The Pars 8×8 vehicle was examined by the Malaysian Army competing with the Swiss Mowag Piranha and the Finnish Patria AMV for the implementation of technology to the first Malaysian indigenous armoured vehicle. AV8 Gempita was the result of Malaysian-Turkey collaboration in Malaysia's first indigenous armoured vehicle project with the implementation of Pars technology to its new army armoured vehicle.

== Operators ==
===Current operators===
- OMN - 172 vehicles in both 6×6 & 8×8 configuration. First delivery on 12 July 2017 and last in August 2020.

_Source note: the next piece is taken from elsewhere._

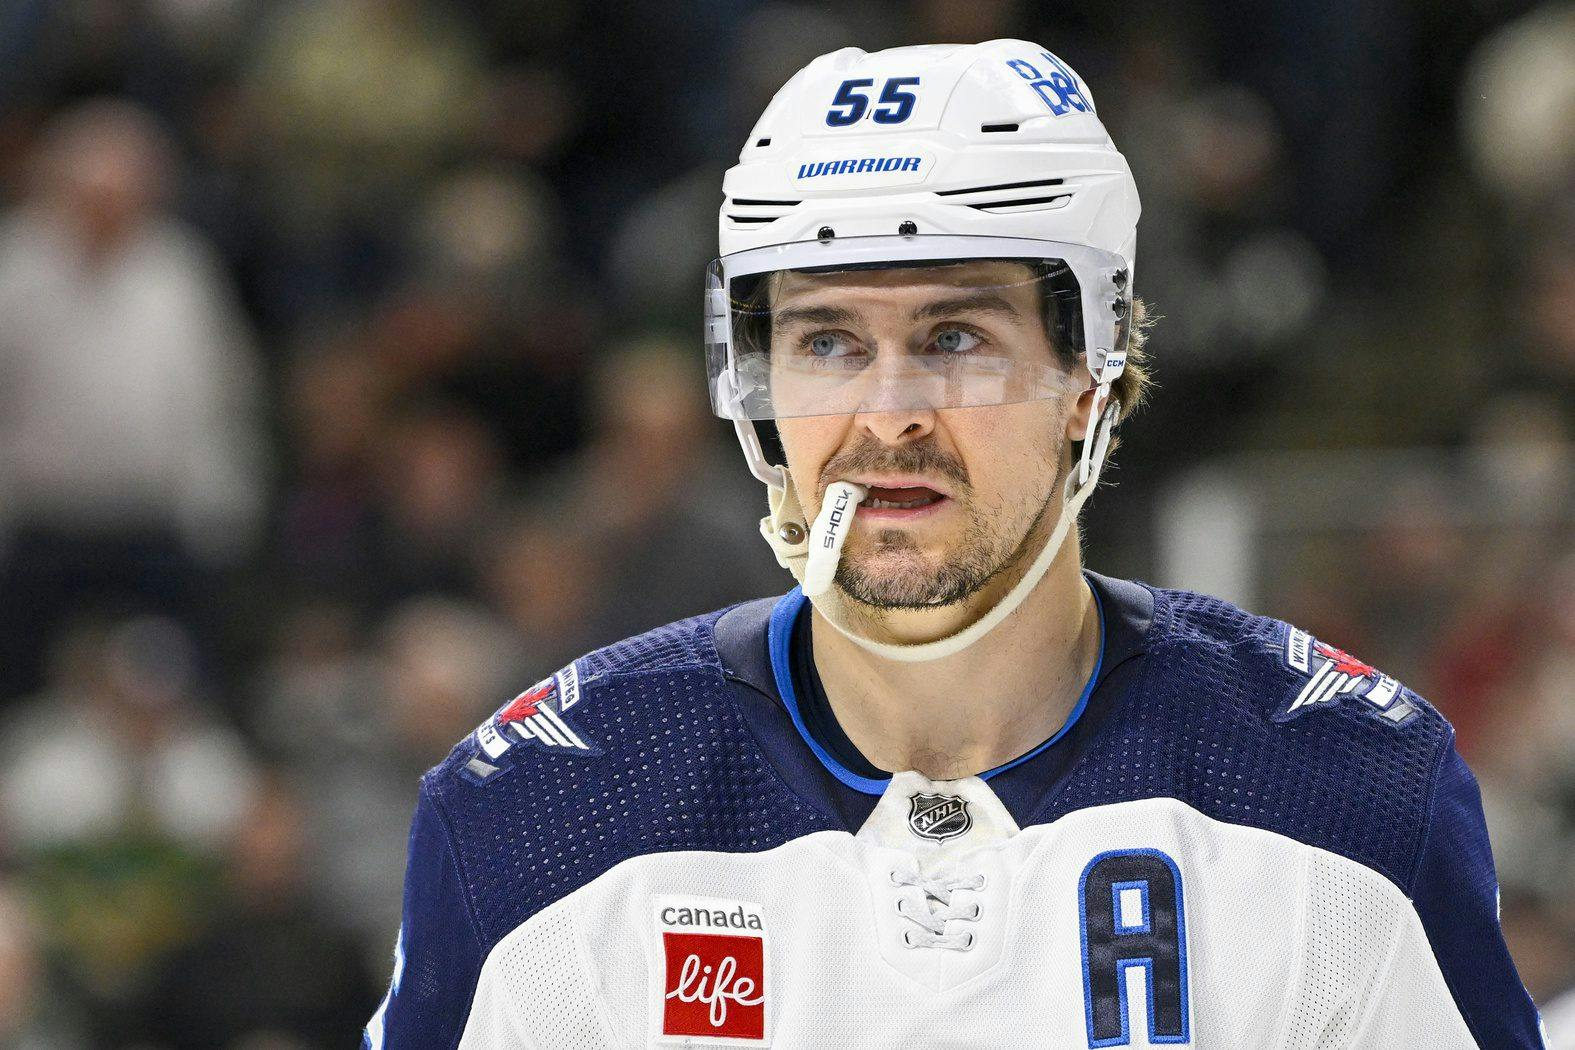 Winnipeg Jets’ Mark Scheifele out for Game 5, questionable for possible Game 6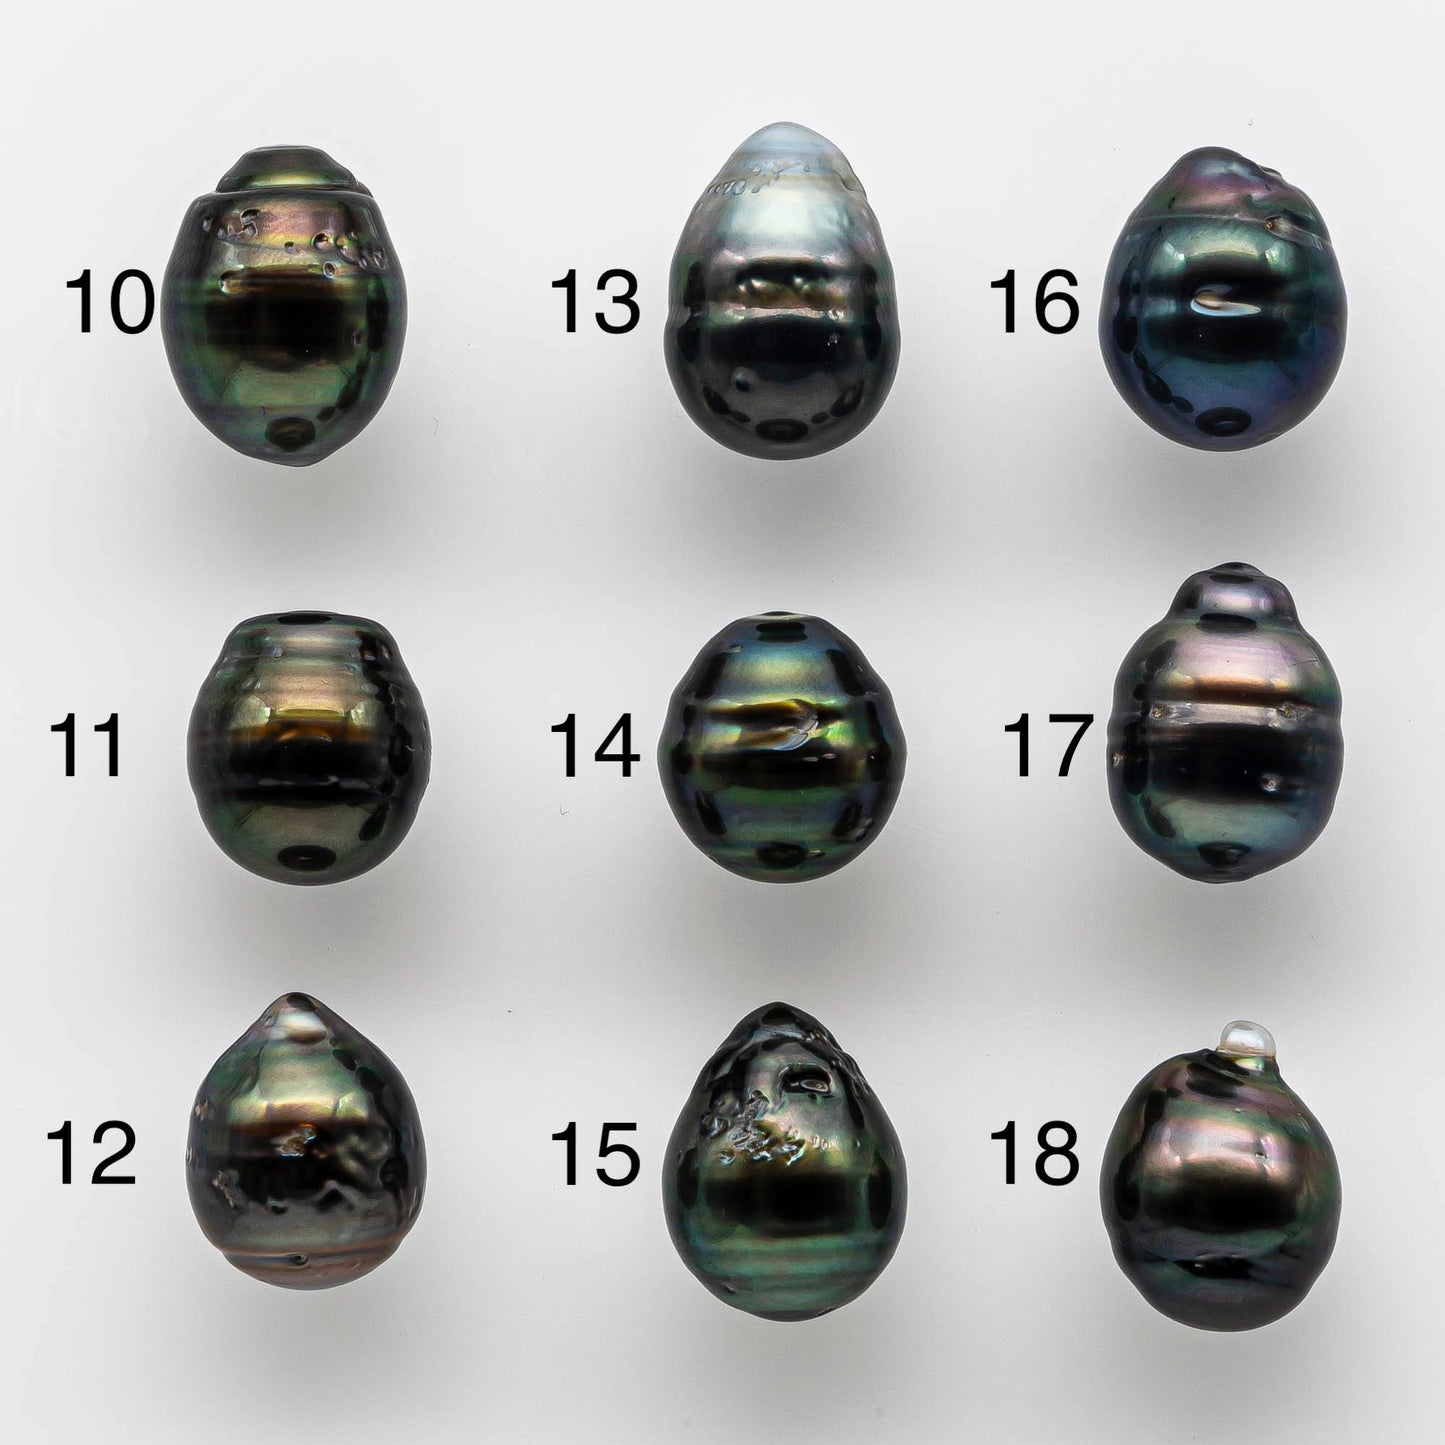 11-12mm Loose Tahitian Pearl Drop in Natural Colors and High Lusters, Undrilled Single Piece for Jewelry Making, SKU # 1651TH

- TUR - Approx.100 Pars Scout 8×8 on order. 12 Pars Pars IV 6×6 in service. 136 Pars 4×4 in service.
- MYS - 257 DefTech AV8 Gempita 8×8 based on FNSS Pars.

===Potential operators===
- AZE
- XKX - 60 Pars III IFV in 6×6 configuration. The Kosovo Ministry of Defense signed a Letter of Request worth €70.000.000 with Turkish defense company FNSS for the supply of Pars III 6×6 IFV with integrated Saber 25mm Turret and FNSS SANCAK RCWS.